The total number of LSD genes annotated per species and the number of proteins with one, two, or three zinc finger LSD domains. Adapted from Phytozome (http://www.phytozome.org/)

The analysis of the number of LSD domains present in their encoded protein products showed that the LSD proteins possess one, two or three zinc finger LSD domains, although the proteins with three such domains constitute the majority of the LSD sequences identified (Fig. 1). A decrease in the number of encoded LSD domains per protein was identified only in the Embryophyte clade. In addition, the proteins with only one LSD domain were highly represented at the grass clade. The analysis of the conservation between LSD domains showed that the LSD domains exhibit broad conservation across all LSD genes and that the cysteine residues at positions 1, 4, 19, and 22 are particularly well conserved (Fig. 2). The neutral amino acids leucine (positions 7 and 8), tyrosine (position 10), glycine (position 13), alanine (position 14), serine (position 16), valine (position 17), and the basic amino acid arginine (position 5) were more conserved than were the other amino acids within the three LSD domains.

Fig. 2
figure 2

Conservation analysis of the consensus sequence of the zinc finger LSD domains. The LSD domains from the 117 LSD genes were aligned using the MEGA 5.05 program and were manually analyzed. Different colors indicates the amino acids: tryptophan (W), aspartic acid (D), glutamic acid (E), tyrosine (Y), proline (P), glycine (G), histidine (H), arginine (R), lysine (K), methionine (M), valine (V), leucine (L), isoleucine (I), phenylalanine (F), cysteine (C), alanine (A), threonine (T), serine (S), glutamine (Q), asparagine (N). a Eighty-four sequences of the first domain (N-terminal); b 111 sequences of the second domain (core); and c 117 sequences of the third domain (C-terminal)

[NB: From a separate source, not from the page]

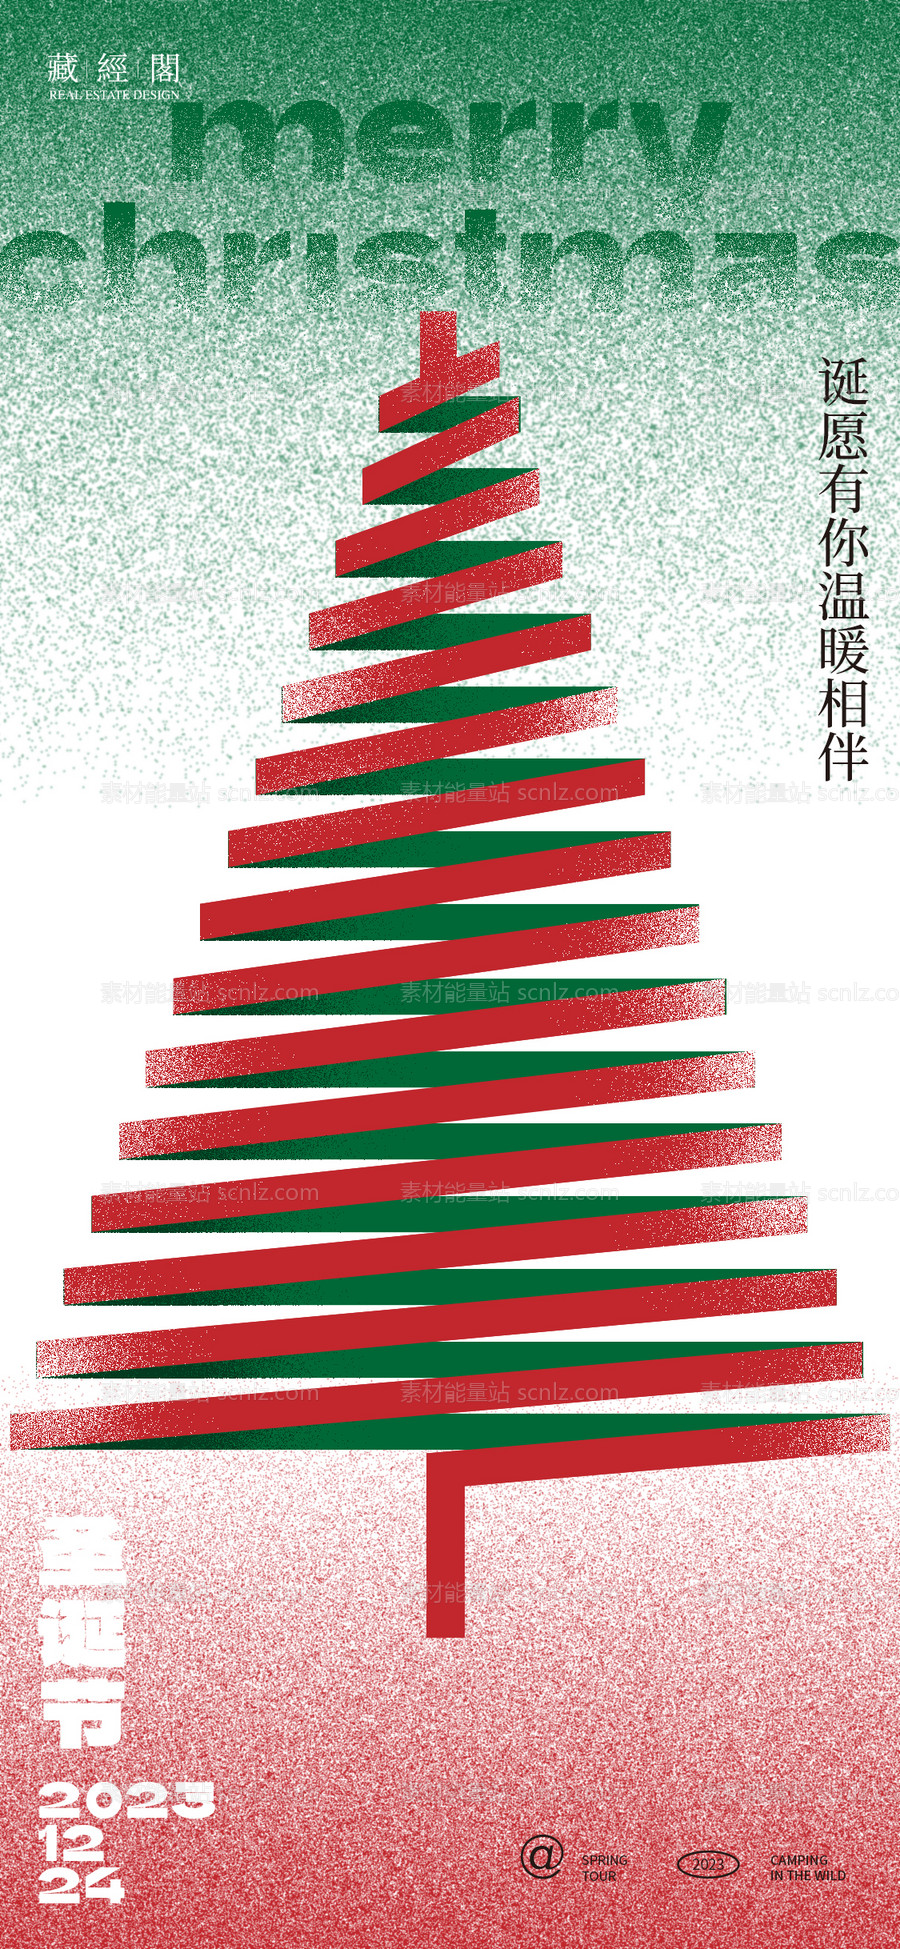 素材能量站-圣诞节海报
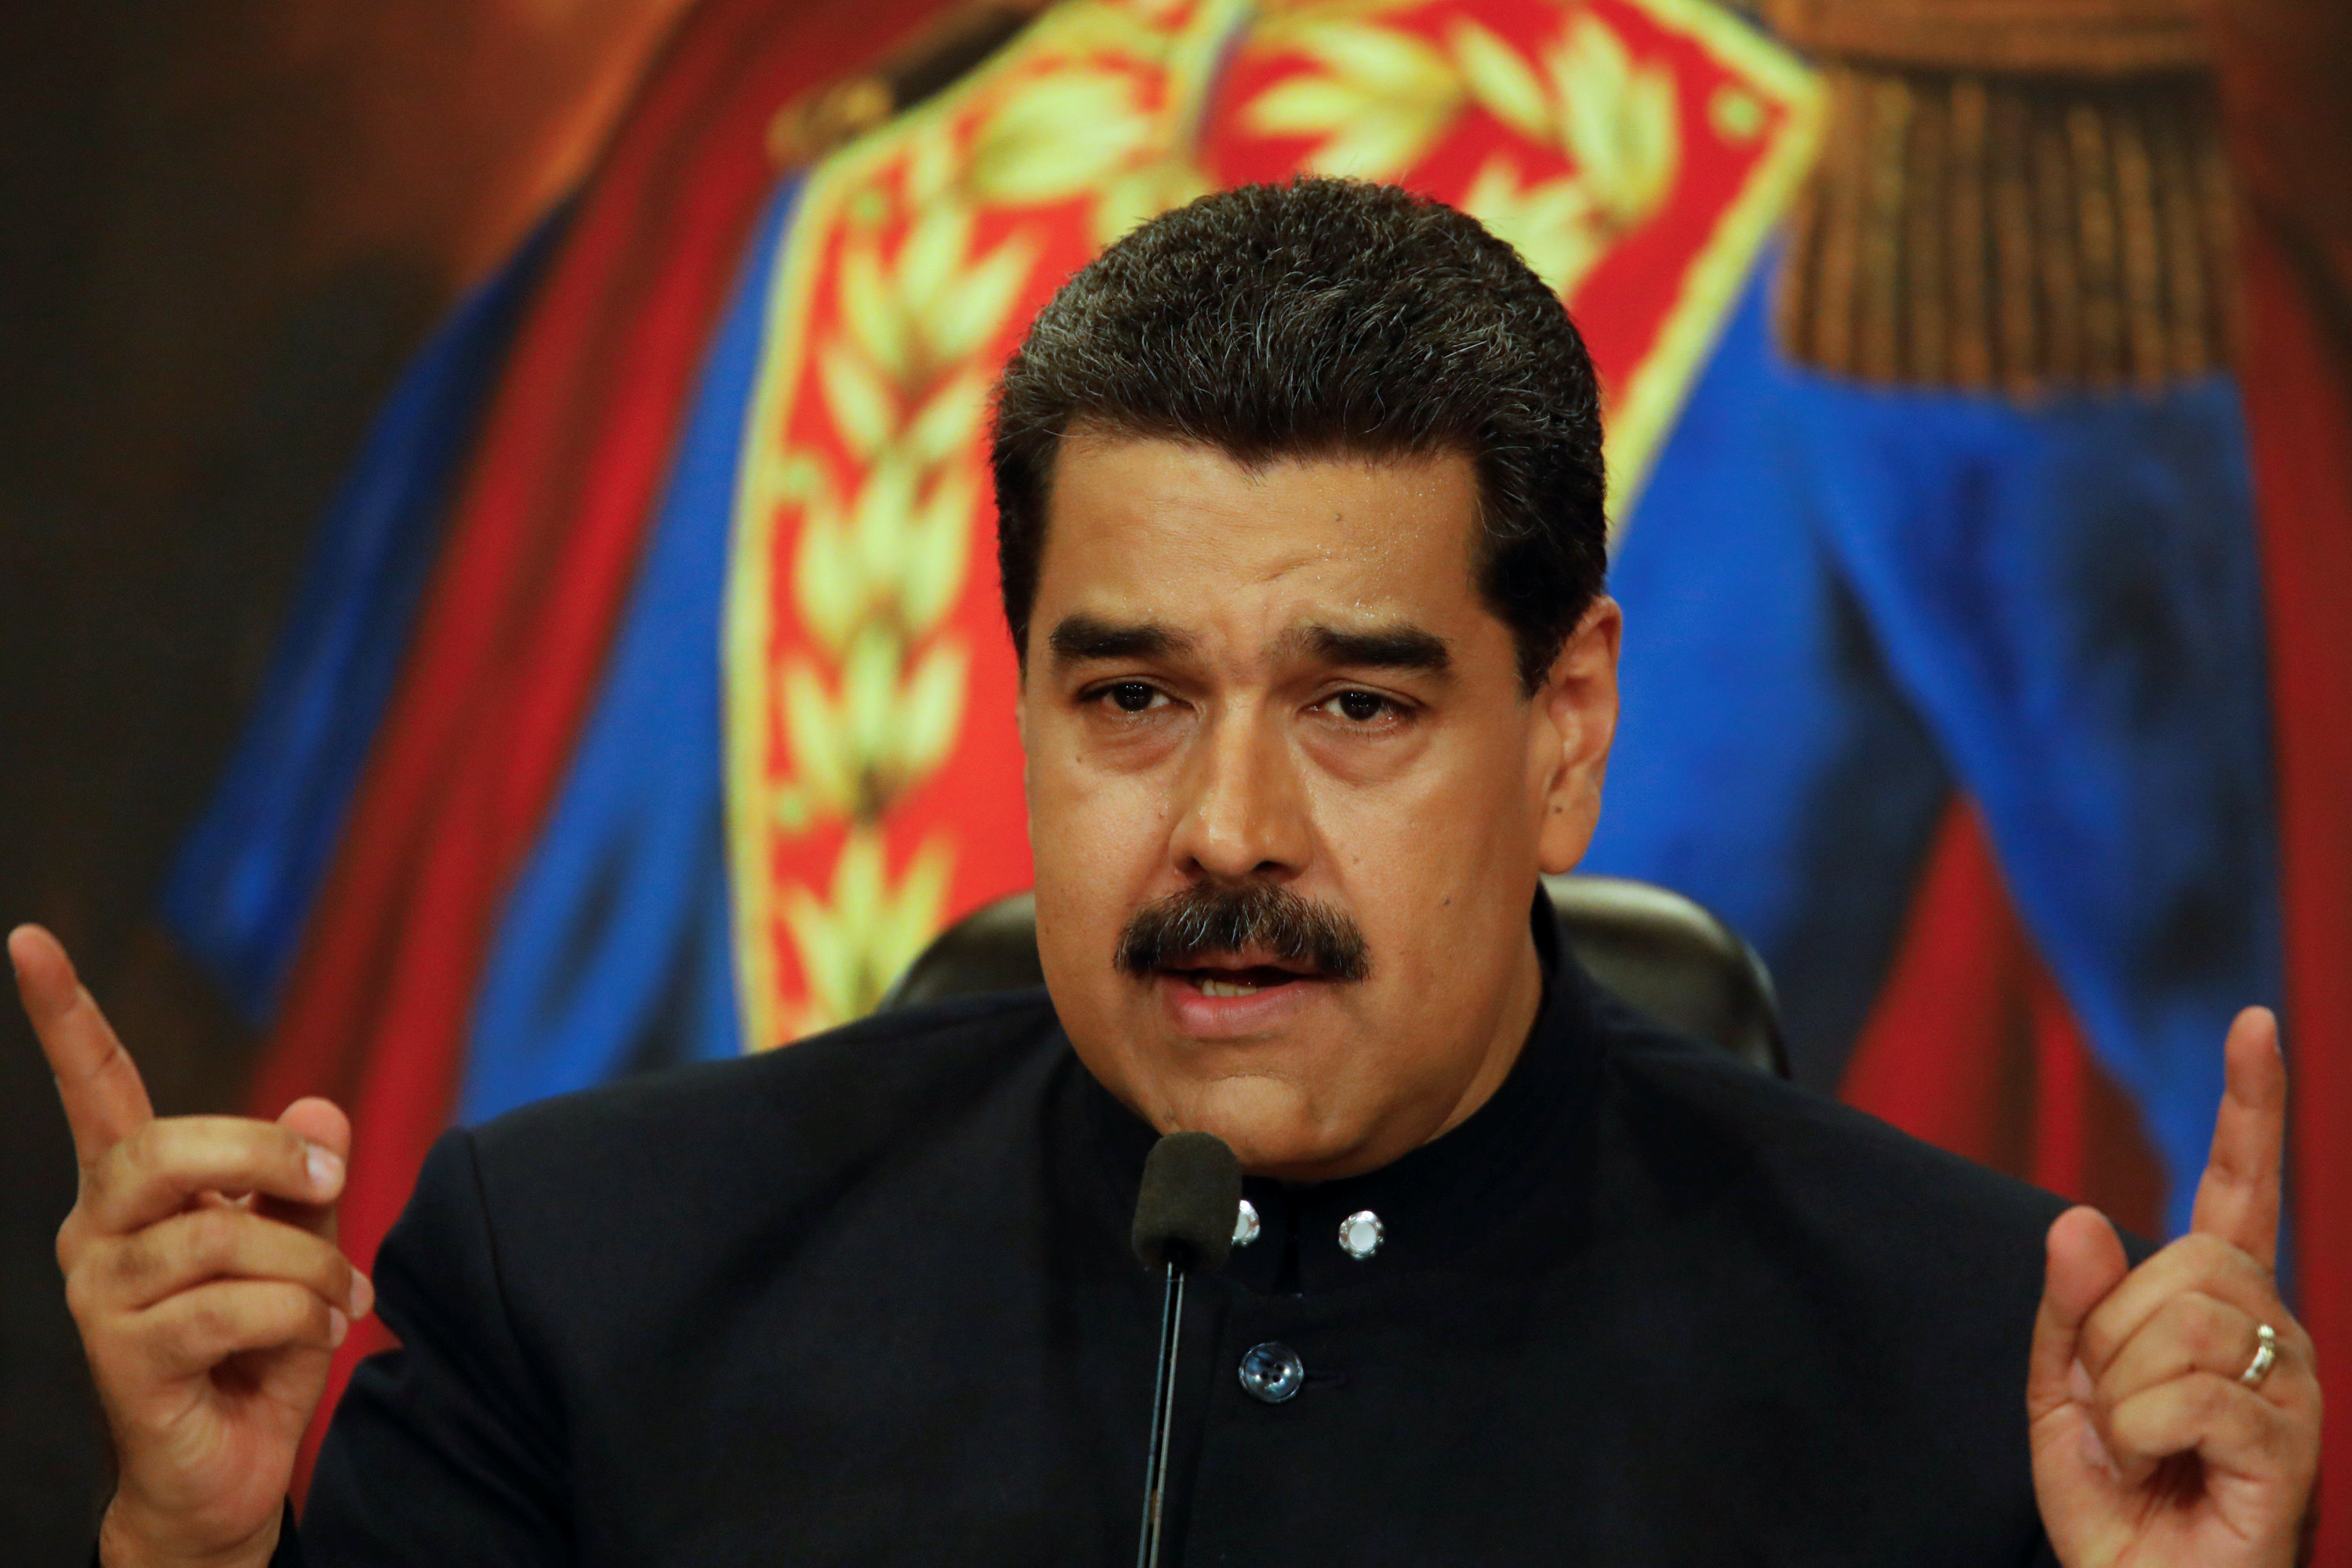 Estados Unidos condena que Maduro exija subordinación gobernadores opositores

The presence of at least one of the following features indicates that a gene is potentially a pseudogene: a lack of transcript support, a short coding region, a long untranslated region, and either a lack of a paralog or the presence of a significantly shorter paralog for genes residing within a segmental duplication (Thibaud-Nissen et al. 2009). Searching for corresponding transcript support, we identified ESTs for 87 out of the 117 genes analyzed, and these included ESTs corresponding to genes with only one or two LSD domains (Table S2). Considering soybean, ESTs for all GmLSD were identified.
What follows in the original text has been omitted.